Ask the Expert: Neuraxial Anesthesia in Neonates
In neonates, epidural or intrathecal delivery of neuraxial agents may be used to supplement and limit the use of general anesthesia for perioperative analgesia.
Anesthesia and analgesia have been found to reduce morbidity and mortality in newborns after surgery.1,2 Although general anesthetics have been linked to "developmentally regulated increases in perinatal apoptosis and long term deleterious behavioral changes," neuraxial anesthetics and analgesics are associated with fewer systemic adverse effects, according to a review published in Anesthesia & Analgesia.3,4
Despite findings that support the tolerability and efficacy of such agents, there is a dearth of evidence demonstrating improved clinical outcomes in neonates and infants, and there have been few assessments of their safety in terms of spinal toxicity in the early developmental period.
In neonates, epidural or intrathecal delivery of neuraxial agents, most commonly opioids, as well as clonidine, dexmedetomidine, ketamine, midazolam, and neostigmine, may be used to supplement and limit the use of general anesthesia for perioperative analgesia, or as a sole anesthetic for surgery of the abdomen or lower limb. A 2006 survey showed an increase in the number of central blocks performed on neonates (5.6% vs 3.4% from the previous 1994 survey) and infants <6 months (30% vs 16.5%).5 In another study, spinal anesthetics in neonates accounted for 30% of the total procedures performed at 1 center in France.6
Although the available evidence precludes firm conclusions because of insufficient data and variability in study design, reported benefits of neuraxial delivery in infants and neonates include reduced respiratory complications such as postoperative apnea, reductions in circulating stress hormones, maintenance of cardiovascular stability, reduced hospital stay, and improved surgical outcomes.7-11
While the incidence of severe complications caused by pediatric neuraxial analgesia is low, it is elevated in neonates and infants, with 0.4% vs 0.1% for neuraxial blocks in general, and 1.1% vs 0.49% for epidural blocks specifically.5,12 Another potential disadvantage of this approach is the risk for infection and neurological injury, although evidence indicating substantial rates of such events is not available.
In the 2012 review, the authors point to findings from their rodent studies in this area to illustrate that, for further advances, systematic preclinical assessments are needed regarding the comparative safety of various agents, with particular attention on "the therapeutic ratio of the neuraxially delivered agent, the developmental time of exposure to the agent, and assessment of neuropathology (apoptosis, myelination, gliosis and dendritic morphology) and long term functional outcomes." In addition, because there is no exact match between developmental phases of rodent and human neonates, preclinical models evaluating the safety of neuraxial agents should include a variety of developmental ages.
In clinical practice, when "considering the choice of spinal analgesic adjuvants, many provide similar analgesia but not all have undergone systematic evaluations of spinal toxicity, and changing practice to include only agents with the widest demonstrable safety margin can be achieved without compromising clinical care," the authors concluded.
Clinical Pain Advisor followed up with 1 of the authors of the review, Tony L. Yaksh, PhD, a professor in the Department of Anesthesiology and the Department of Pharmacology at the University of California, San Diego, to gain additional insights into this topic.
Clinical Pain Advisor: What prompted you and your coauthor to write this review?
Dr Yaksh: Newborn humans often require surgical interventions, such as for cardiac problems. There was a time in the early 1970s when it was thought that babies did not have the appropriate neural substrate for perceiving pain. Early work found that was not true and that babies, similar to adults, survived better with appropriate surgical anesthesia. So, through the early 1980s, there was an increasing utilization of general anesthesia; for example, gaseous anesthetics, injectable systemic anesthetics. In the early 1990s, there was a growing appreciation of the possibility that general anesthetics might have adverse effects on neonatal brain development. Although this effect is controversial, it has given many in neonatal anesthesiology pause for thought.

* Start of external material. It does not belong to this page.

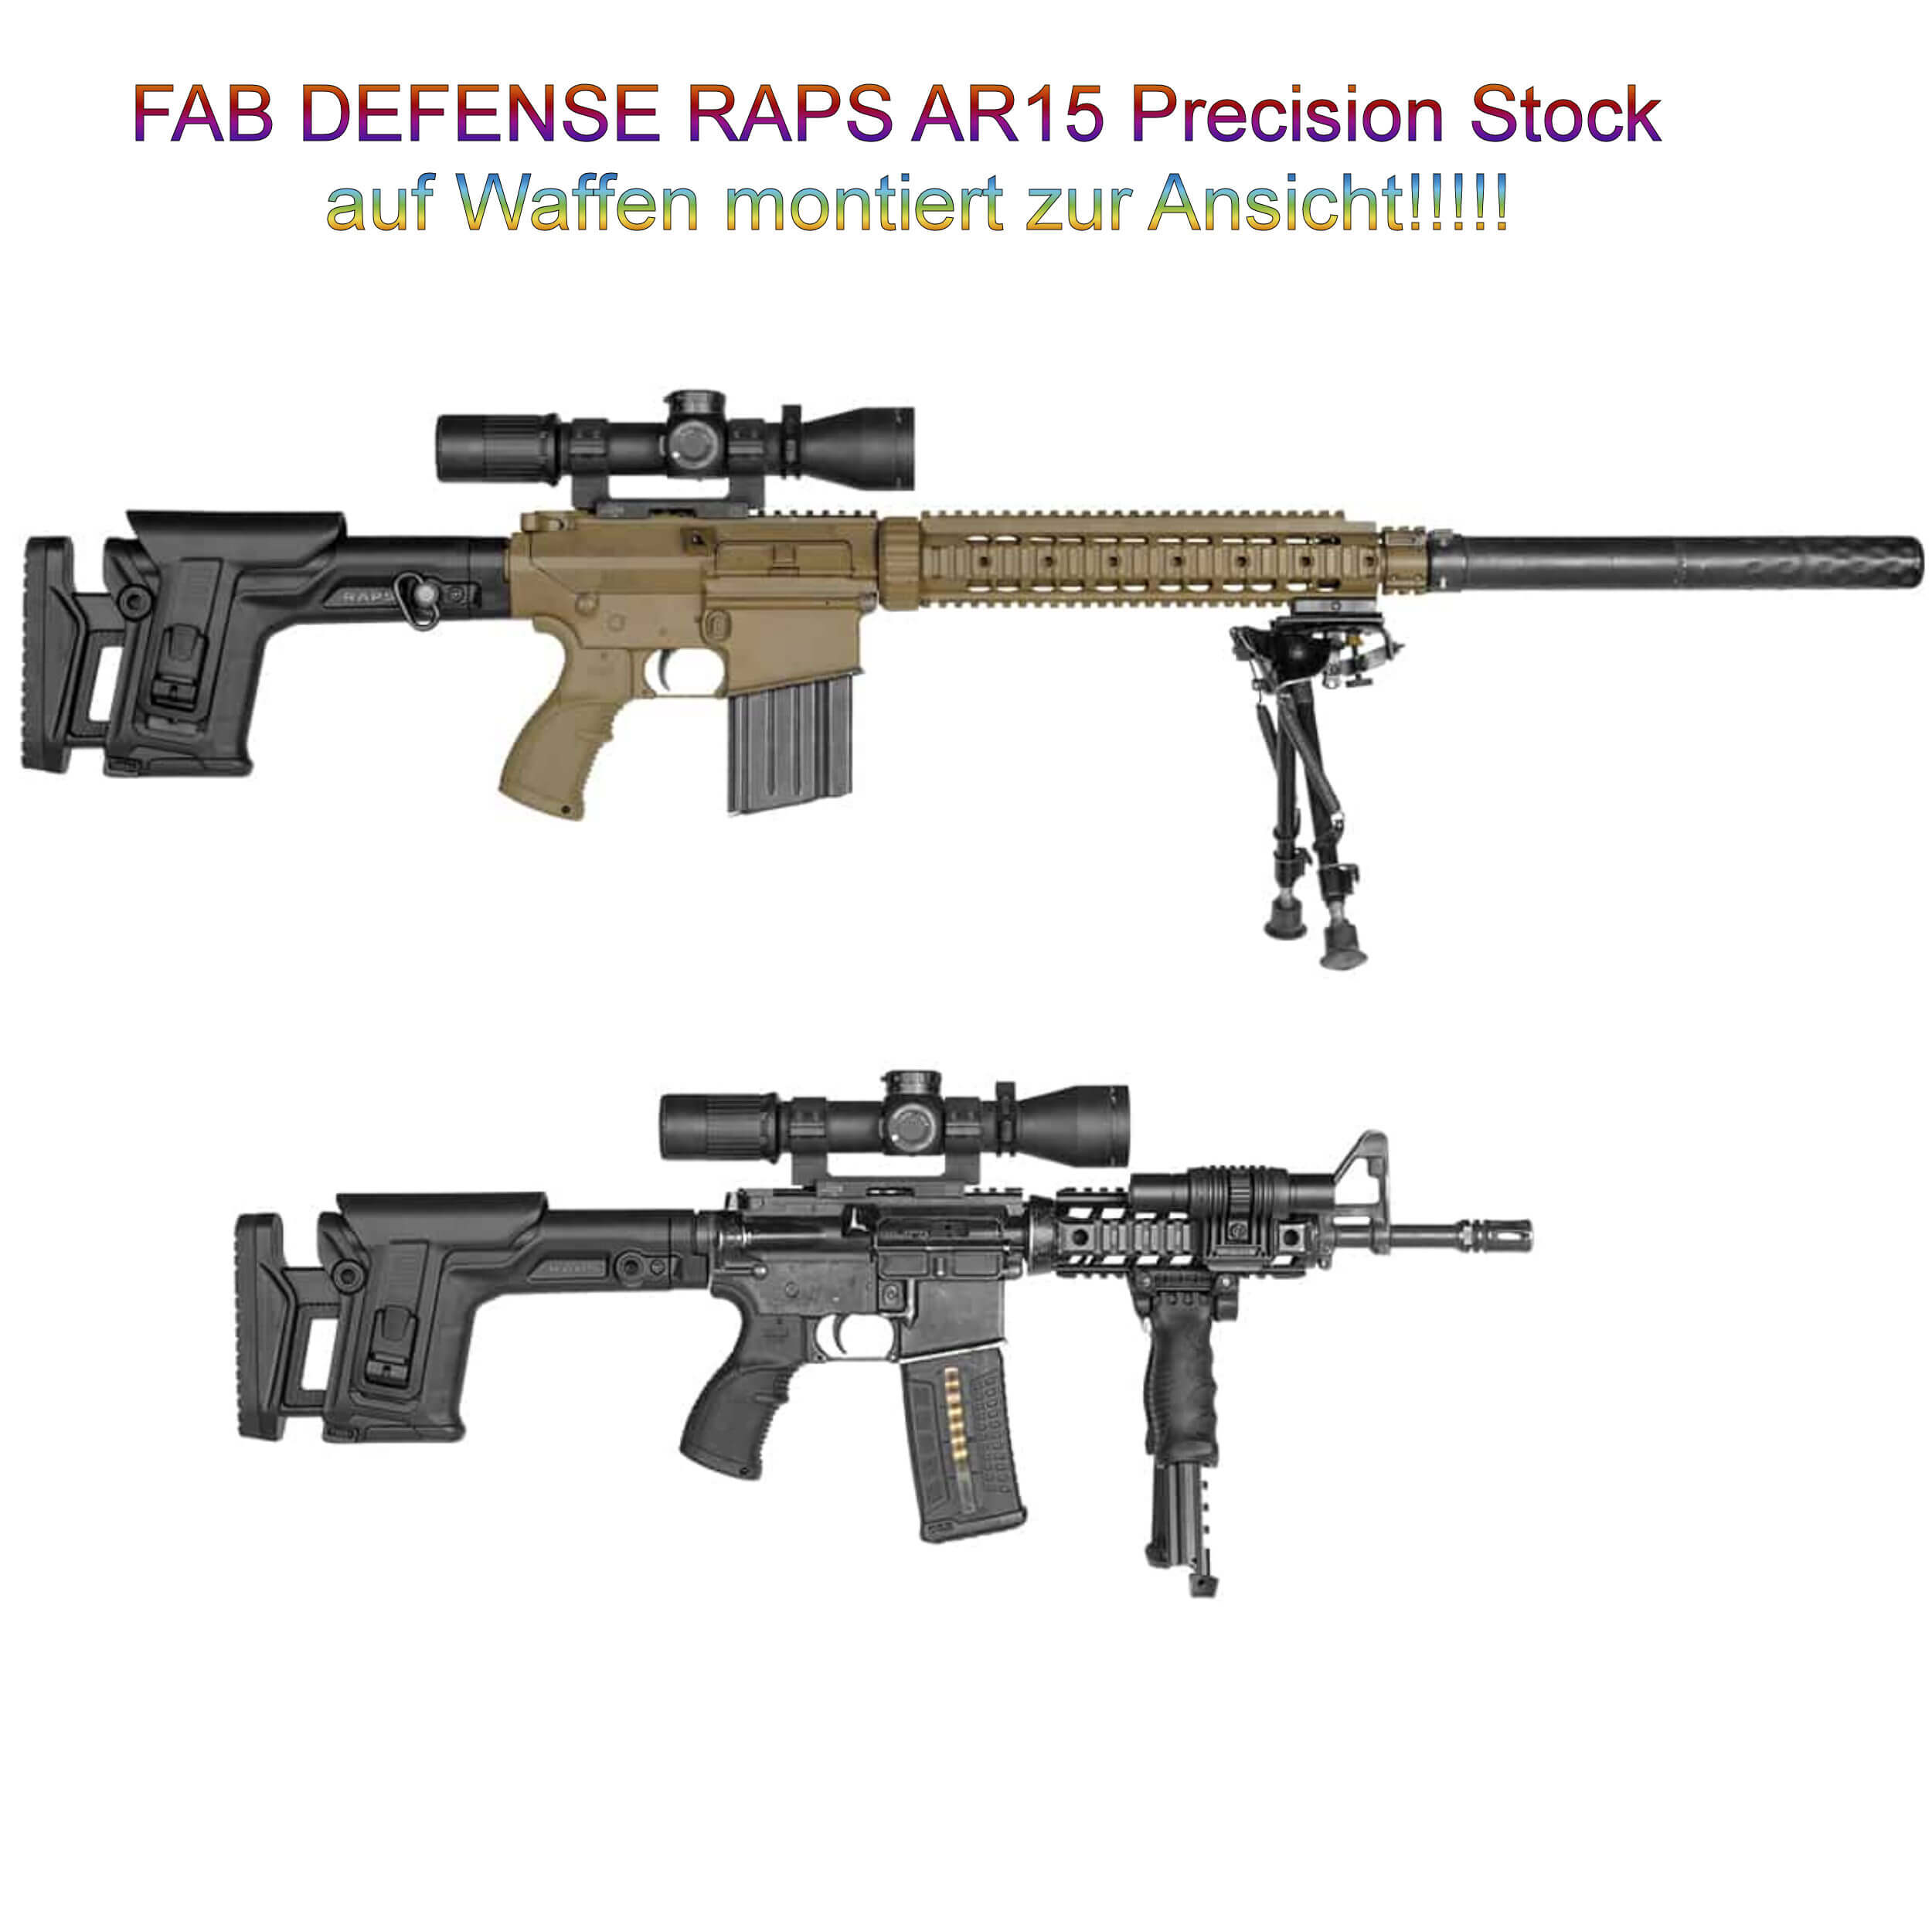 RAPS Sniper Präzisionsschaft für M-16 / AR15 / SR-25

My coauthor, Suellen M. Walker, MBBS, PhD, is a pediatric anesthesiologist [at University College London] who is interested in neonatal pain and anesthesia; specifically, the role of spinal drug delivery in medicating such patients. [This] is readily achieved with a high degree of safety and has value only in that the drug effects are limited to the spinal cord. Further, the density of anesthesia and analgesia achievable by the spinal delivery of drugs is typically superior to that which can be achieved by a systemically administered drug. This all argues strongly for an increased utilization of neuraxial anesthesia.
Yet an important issue has been the question of how safe the spinal route is in the neonate. Until the work that Dr Walker and I have undertaken on neonatal safety in rats, there was no formal evaluation of spinal drug safety in the newborn. Accordingly, we had argued that proposing an increased utilization of spinal delivery in the newborn without such safety data might be an example of jumping from the frying pan into the fire. Accordingly, several years ago we initiated self-funded studies to develop the neonatal rat model.